# Punch Card



## lonitad20 (Mar 18, 2011)

Where do I go to find punch cards with patterns already on them for my SK155. Also, how do I transfer a pattern onto a punch card?
I will hopefully have my SK155 back tog by next week. I fell off a ladder and pulled the tendons and muscles in my back and am laid up right now.


----------



## Elis (Nov 1, 2011)

Email [email protected], who will obviously give you an USA contact, if available. To transfer a pattern you will need a supply of blank cards or a punchcard roll, and a special punch, widely available from general KM suppliers. Google will probably supply a list for you if you don't know one. Once you've got those items the process is obvious, easy and a bit tedious, but you'll likely to be inspired to design some for yourself. Sympathy with your poor back - hope you're soon up and about again.


----------



## euvid (Apr 2, 2011)

I found some on eBay. There is a youtube video on making them yourself. Google the info. onmaking them. i saw somewhere but can't remember where that you can use a 24 St. card and it will read every other row.Not sure about that. Watch videos while you are laid up. Feel better.


----------



## Zach (Feb 25, 2012)

lonitad20 said:


> Where do I go to find punch cards with patterns already on them for my SK155. Also, how do I transfer a pattern onto a punch card?
> I will hopefully have my SK155 back tog by next week. I fell off a ladder and pulled the tendons and muscles in my back and am laid up right now.

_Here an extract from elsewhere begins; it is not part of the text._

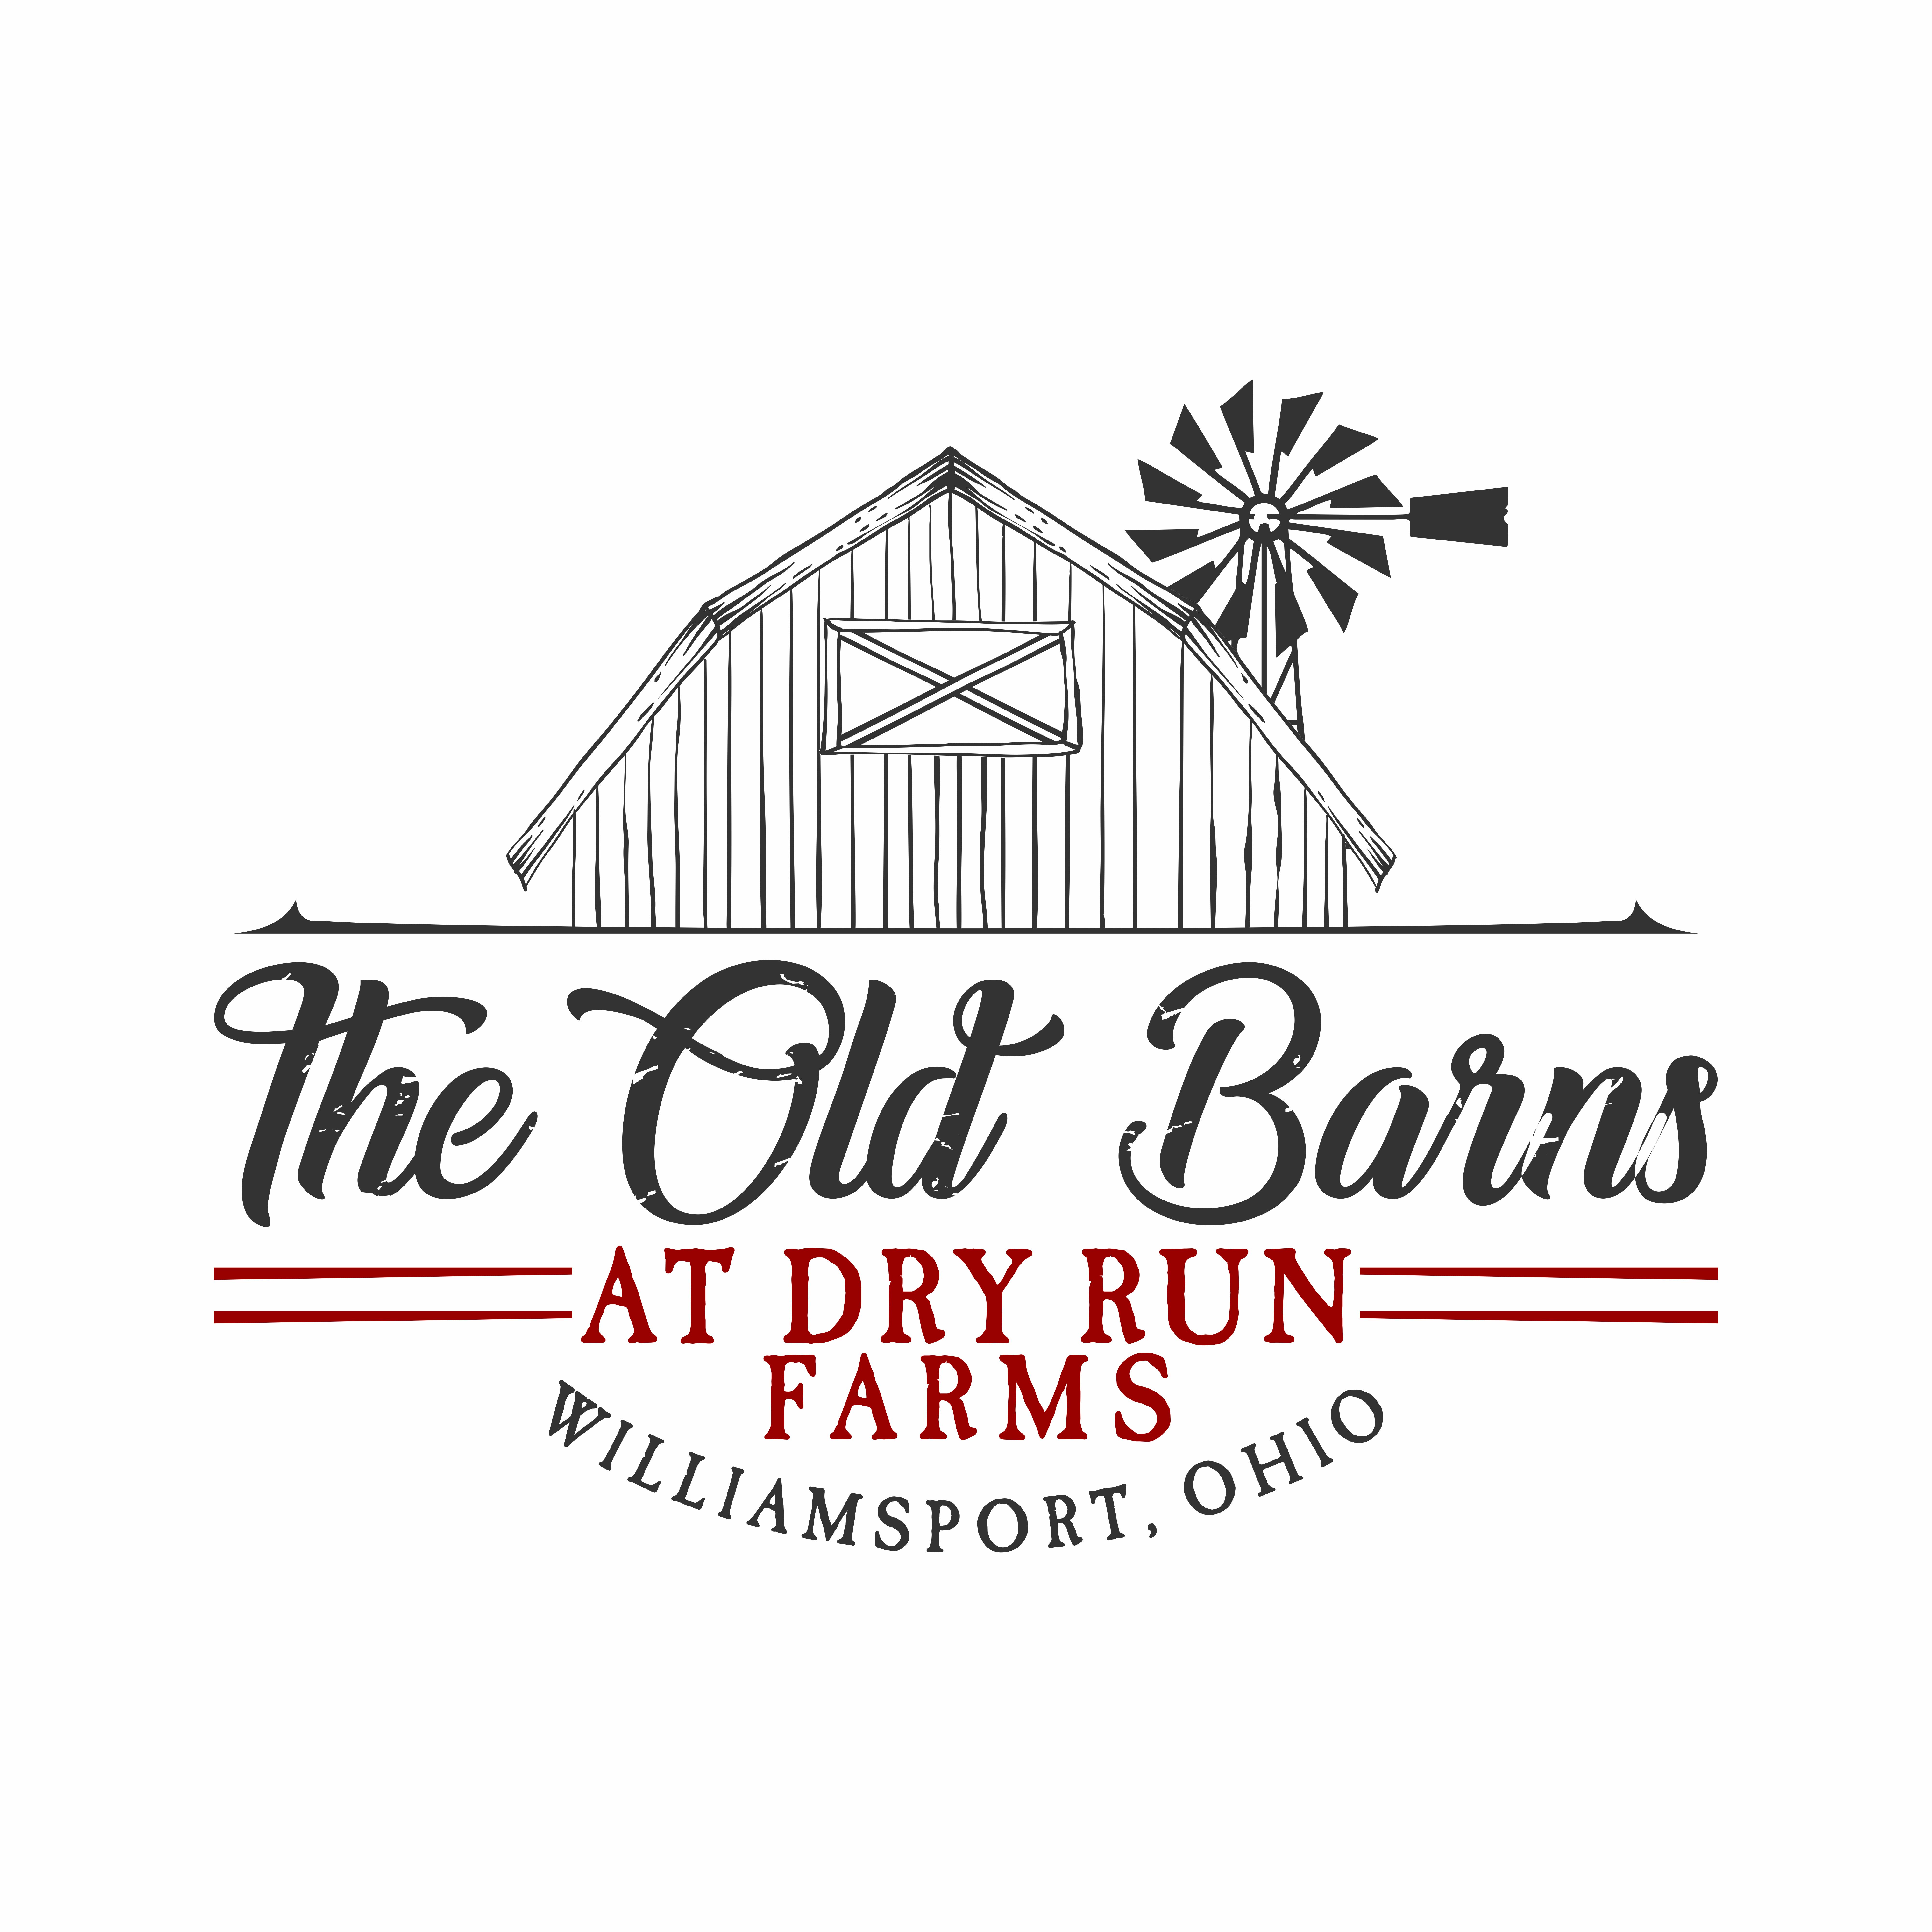 The Old Barns at Dry Run Farms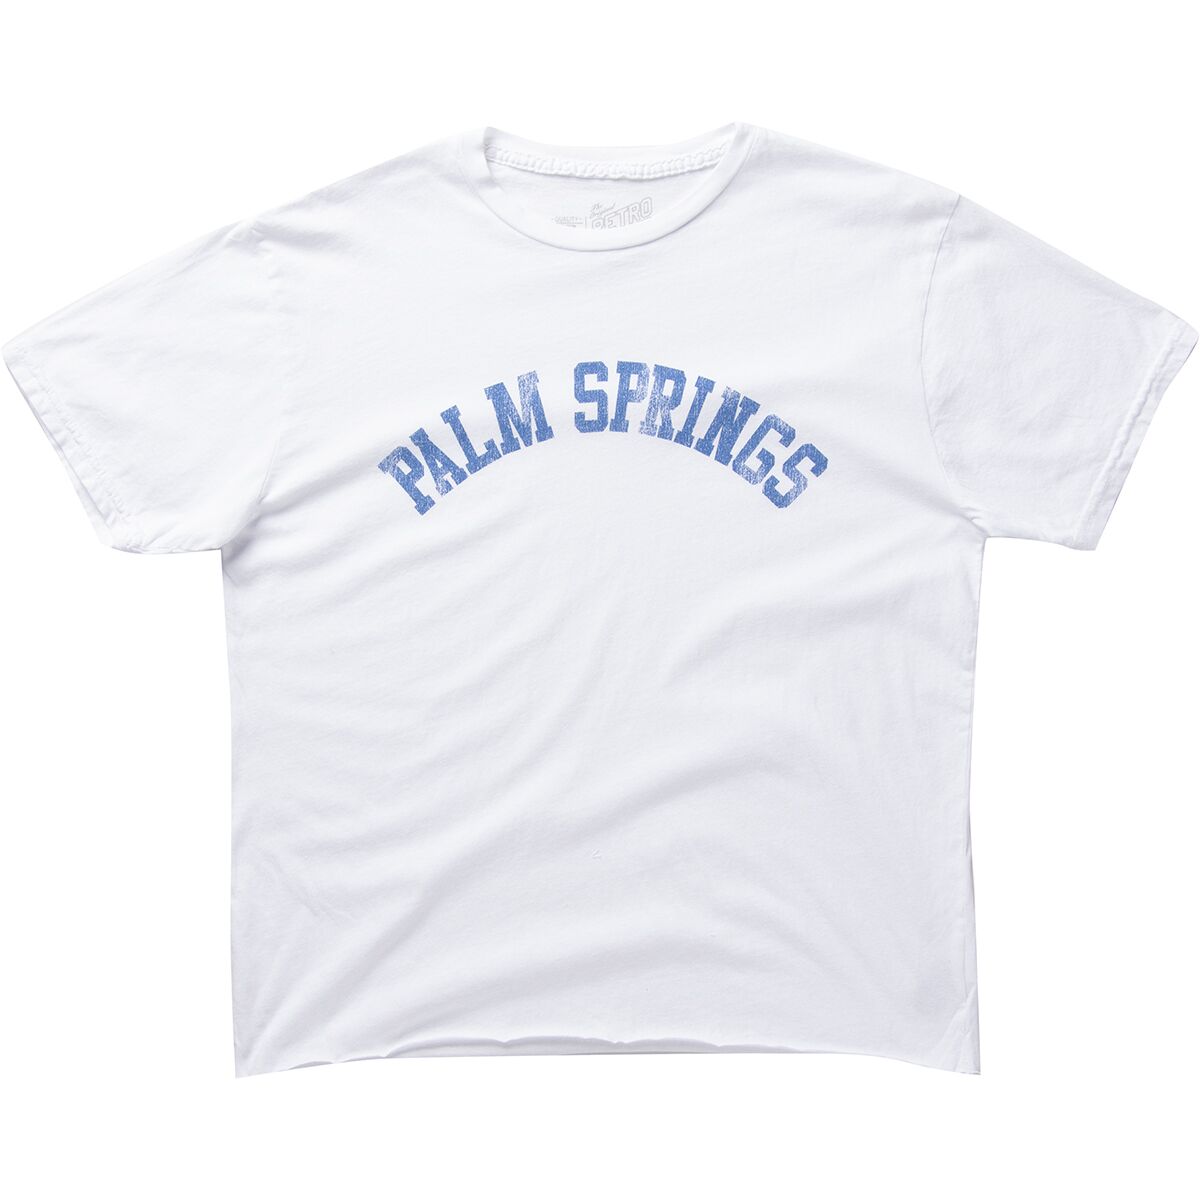 Original Retro Brand Palm Springs Shirt - Women's

Your local Silver Reed dealer can get them for you
To transfer your pattern to a punch card. you need a puncher
That can be purchased through a dealer. or ebay.
sk155 is a 12 st pattern repeat. There are many 12 st repeat patterns available.
But you will probably need to punch the card


----------



## KateWood (Apr 30, 2011)

Hi there, what you're looking for is here

http://www.aboutknittingmachines.com/BrotherFreeManuals.php

Scroll down and check the Chunky Punchcard Manual
they're 12 st patterns.


----------



## laurelk. (Jun 4, 2011)

I have a Singer 155 and find it hard to find 12 patterns for it. I'll watch to see if someone else tells you a source.
Laurelk in S. CA


----------



## laurelk. (Jun 4, 2011)

Meant a 12 stitch pattern and the above Brother chunky patterns are 24 stitch.
Laurelk in S. CA


----------



## euvid (Apr 2, 2011)

I can't do it now, but I will look and see what I have.
My machine came with no patterns, but I found some in a package of miscellaneous puchcards I got from eBay.


----------



## Zach (Feb 25, 2012)

laurelk. said:


> I have a Singer 155 and find it hard to find 12 patterns for it. I'll watch to see if someone else tells you a source.
> Laurelk in S. CA


If you can find the brother volum 5 pattern book. There are lots of patterns in it. You do need to punch your own card. The empty cards are available from any silver Reed dealer


----------



## laurelk. (Jun 4, 2011)

I might be wrong, but I think the Brother chunky is 24 stitch, while Studio/Silver Reed 155 is 12 stitch. I've got one.
Laurelk in S. CA


----------



## euvid (Apr 2, 2011)

You are correct. I checked and the #5 volume is for 24 stitch.You need 12 stitch.


----------



## Zach (Feb 25, 2012)

laurelk. said:


> I might be wrong, but I think the Brother chunky is 24 stitch, while Studio/Silver Reed 155 is 12 stitch. I've got one.
> Laurelk in S. CA


 yes the 155 is 12 st and the brother 260 is 24 st.
even so The Brother Volum 5 book has many 12 st. pattens in it.


----------



## dunottargirl (Oct 29, 2011)

The Bedford Knitting Machine Company (think that's right) in UK have just about everything. I've bought patterns for my 24 st to save having patttern sheets I'd never use. Their shop is also on ebay, where I found it. You can still get rolls of punchcard plastic on ebay if you look.


----------



## KateWood (Apr 30, 2011)

Didn't anyone look? This PDF is listed under Brother but they are ALL 12 Stitch Patterns...Open the Link I sent above and scroll way down to the Bulky Stitch Patterns publication


----------



## laurelk. (Jun 4, 2011)

Finally found it. I was looking at the Brother manuals. Looks great. Now I need to get more blank cards, 12 stitch ones, I've tried doing the every other on the 24, too complicated.
Laurelk in S. CA


----------



## KateWood (Apr 30, 2011)

It is on a full page of Brother mags/pubs, you find it by clicking on the Brother link select Brother Manuals and scroll to the bottom of the page where you find the Bulky Stitch Patterns book


----------



## lonitad20 (Mar 18, 2011)

Yes I did look and Thank You!


----------



## JSDesign (Apr 30, 2011)

Most patterns will transfer for SK155 but when punching out the pattern only use every other hole across the card, so you may have to resort to 12 stitch patterns. Takes a bit of time to punch out but it can be done. I have been unable to find ready punched cards. If the pattern "doesn't work" turn the card around to see if the machine then reads the pattern. JuliaJSDesigns


----------



## berit (Sep 6, 2015)

I am looking for a dinosaur pattern not more than 15 - 20 rows high - and 20 - 22 stitches wide - - for a punch card
thank you
berit


----------